Disclosure of Invention

Technical problem to be solved

In order to avoid the defects of the prior art, the invention providesThe surface wide-temperature-range long-life antioxidant coating of the carbon/carbon composite material and the low-temperature preparation method solve the problem of high preparation temperature of the wide-temperature-range antioxidant coating, and can further realize that the coating can protect the long-life antioxidant property of the C/C composite material.
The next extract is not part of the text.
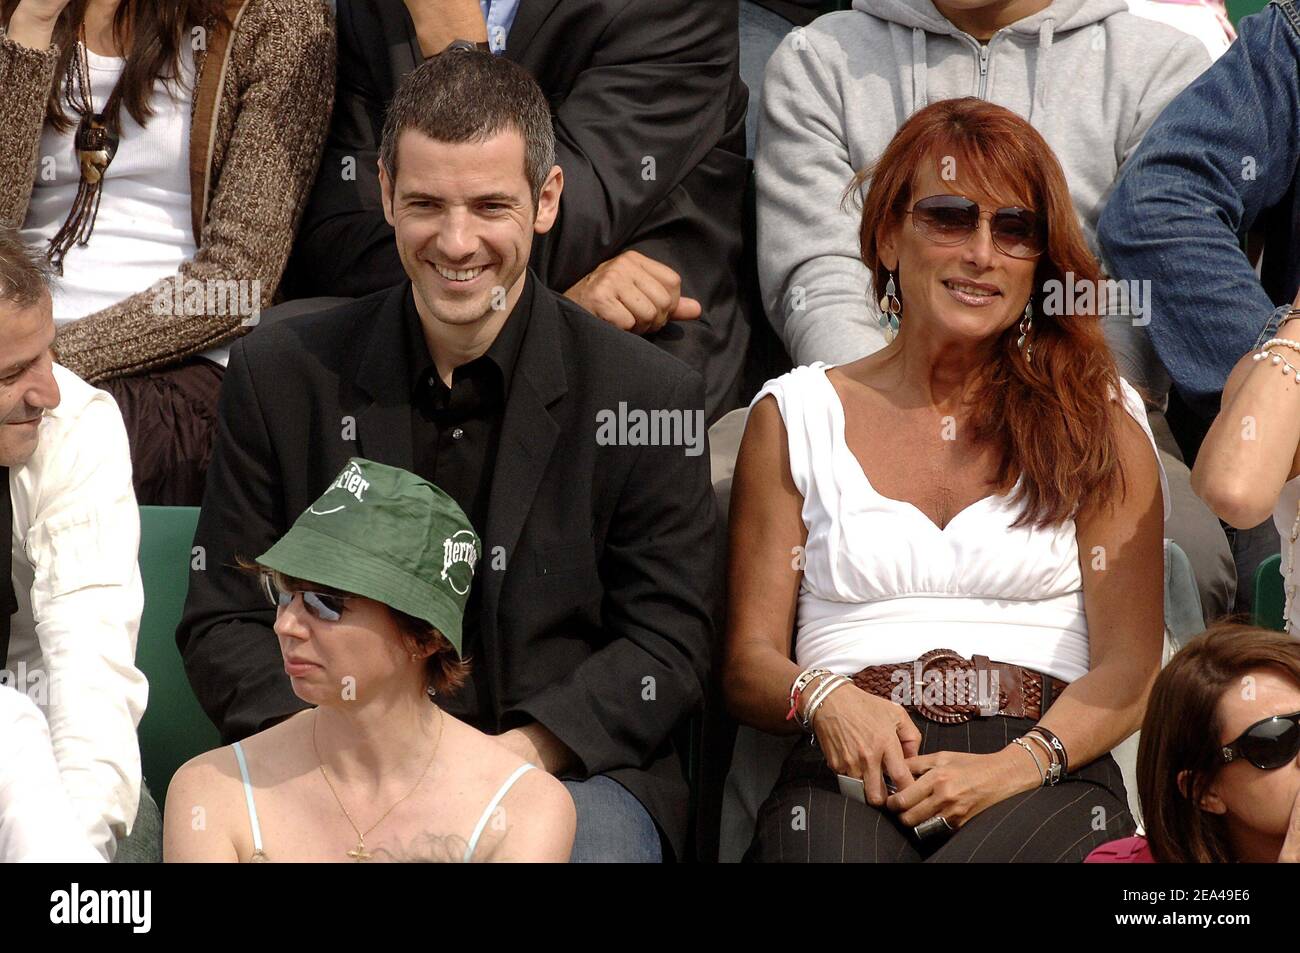 French singer Julie Pietri and french actor Bruno Putzulu attend the match between Spain's Rafael Nadal and Swiss Roger Federer in the semi final of the French Open at the Roland Garros stadium in Paris, France on June 03, 2005. Photo by Gorassini-Zabulon/ABACA. Stock Photo

Firstly, a cold coating method is adopted to prepare a porous HfB₂And (2) preparing a SiC precoat, and finally preparing the long-life antioxidant coating on the surface of the C/C composite material in a wide-temperature-range atmospheric environment at the temperature of 900-1500 ℃ by carrying out low-temperature densification treatment on the precoat.

Technical scheme

A carbon/carbon composite material surface oxidation resistant coating with wide temperature range and long service life is characterized in that the coating is composed of B₂O₃Glass, HfO₂And SiC ceramic particles, wherein the glass and the ceramic particles are embedded and compounded with each other; b is₂O₃Glass is used as a binder to be filled among the ceramic particles to bond the ceramic particles together; the surface oxidation resistant coating of the C/C composite material is used in a wide temperature range of 900-1500 ℃.
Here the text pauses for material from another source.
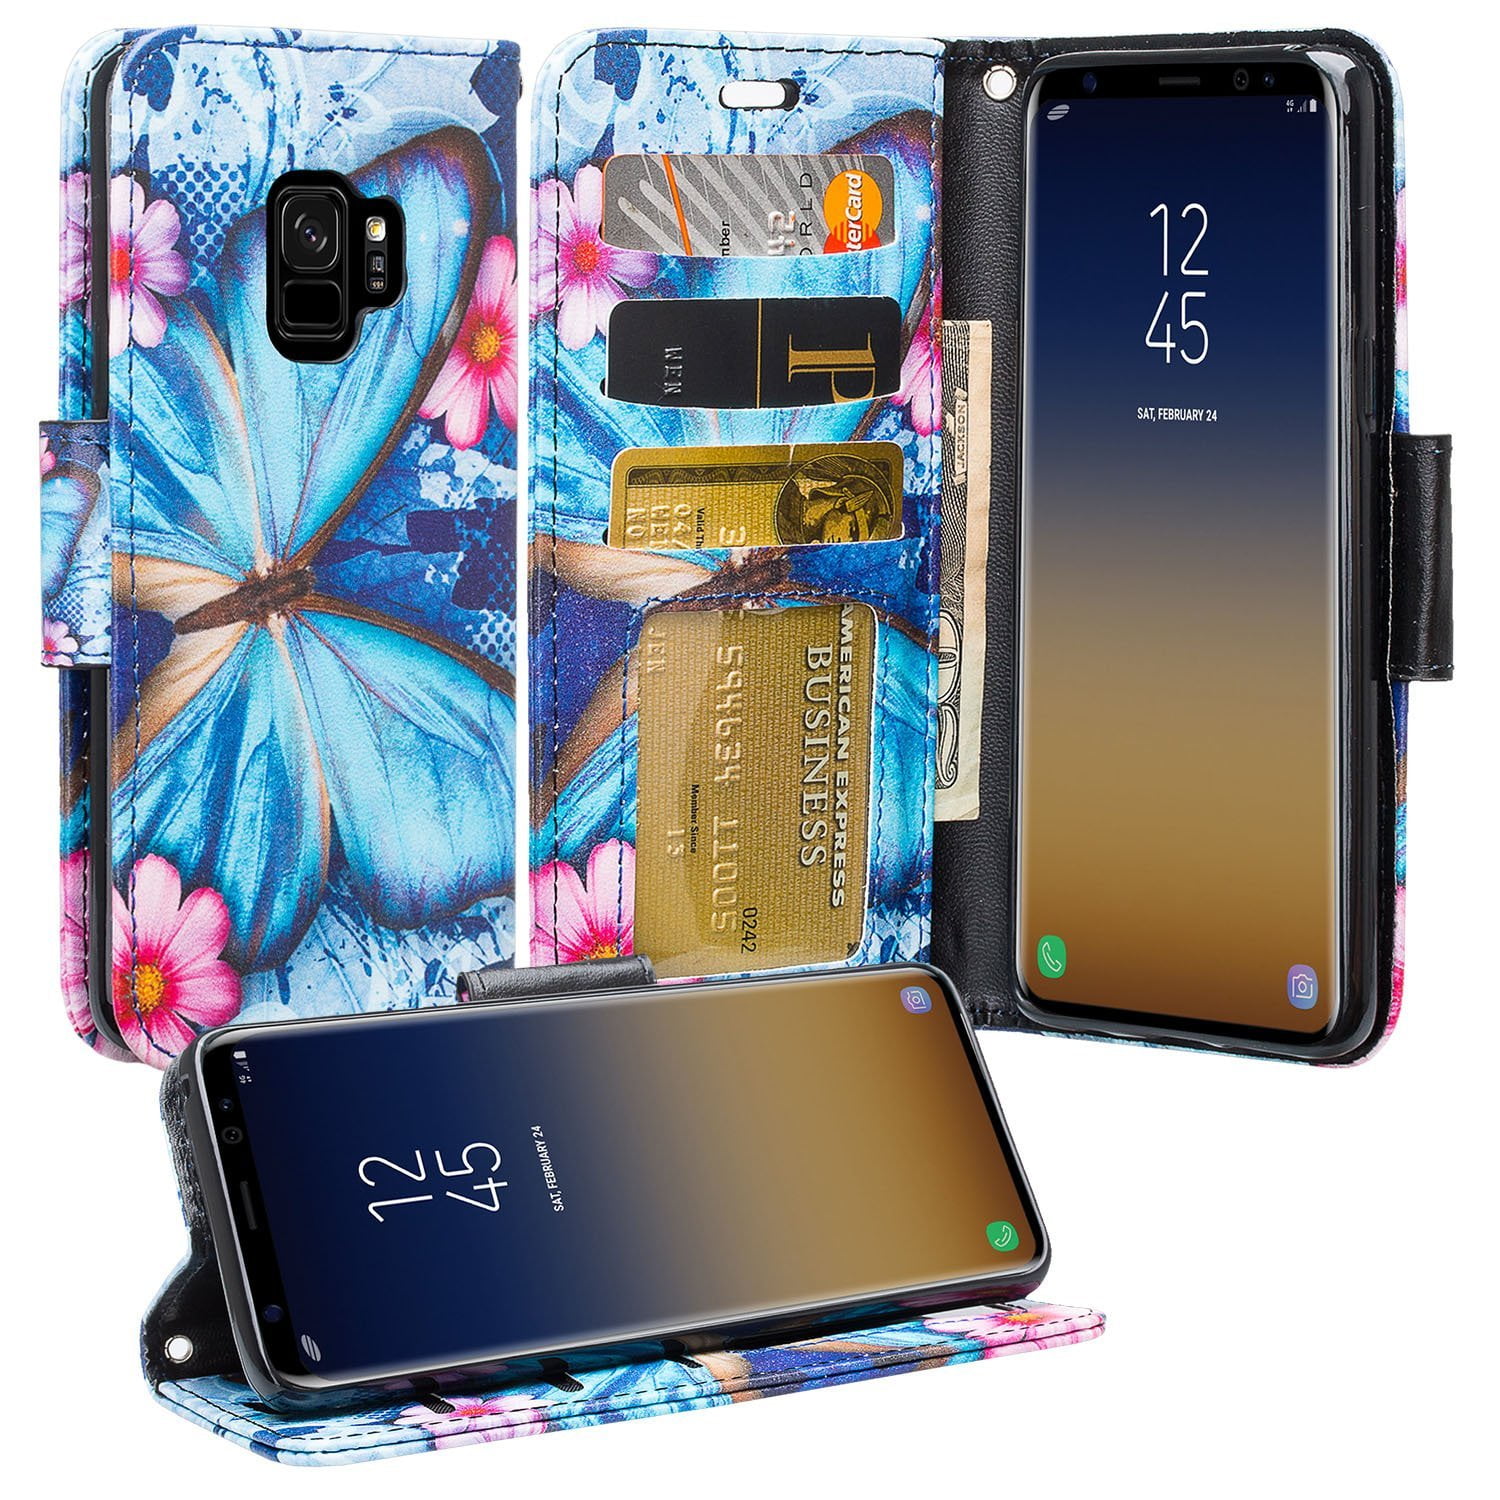 Premium Ultra Slim PU Leather Lightweight Protective Bumper Case for Galaxy S9

A method for preparing the anti-oxidation coating with wide temperature range and long service life on the surface of the carbon/carbon composite material at low temperature is characterized by comprising the following steps:

step 1: HfB with the mass percentage of 20-90 percent₂Adding the powder and 10-80% of SiC powder into 1-10 wt% polyvinyl butyral PVB alcohol solution, and fully stirring under a magnetic stirrer to obtain slurry;

step 2: placing the C/C composite material with the SiC coating on the surface into slurry for cold coating, and taking out after immersing for 1-3 seconds;

and step 3: repeating the step 2 for 10-20 times, and drying and curing the C/C composite material with the coating in an oven at 50-80 ℃ to obtain porous HfB on the surface of the C/C composite material₂-a pre-coating of SiC;

and 4, step 4: will have porous HfB₂And (3) placing the C/C composite material coated with the-SiC precoat in a 900-1200 ℃ heat treatment furnace, and performing densification treatment on the C/C composite material for 5-30 mins in an atmospheric environment to finally prepare the anti-oxidation coating with wide temperature range and long service life on the surface of the C/C composite material.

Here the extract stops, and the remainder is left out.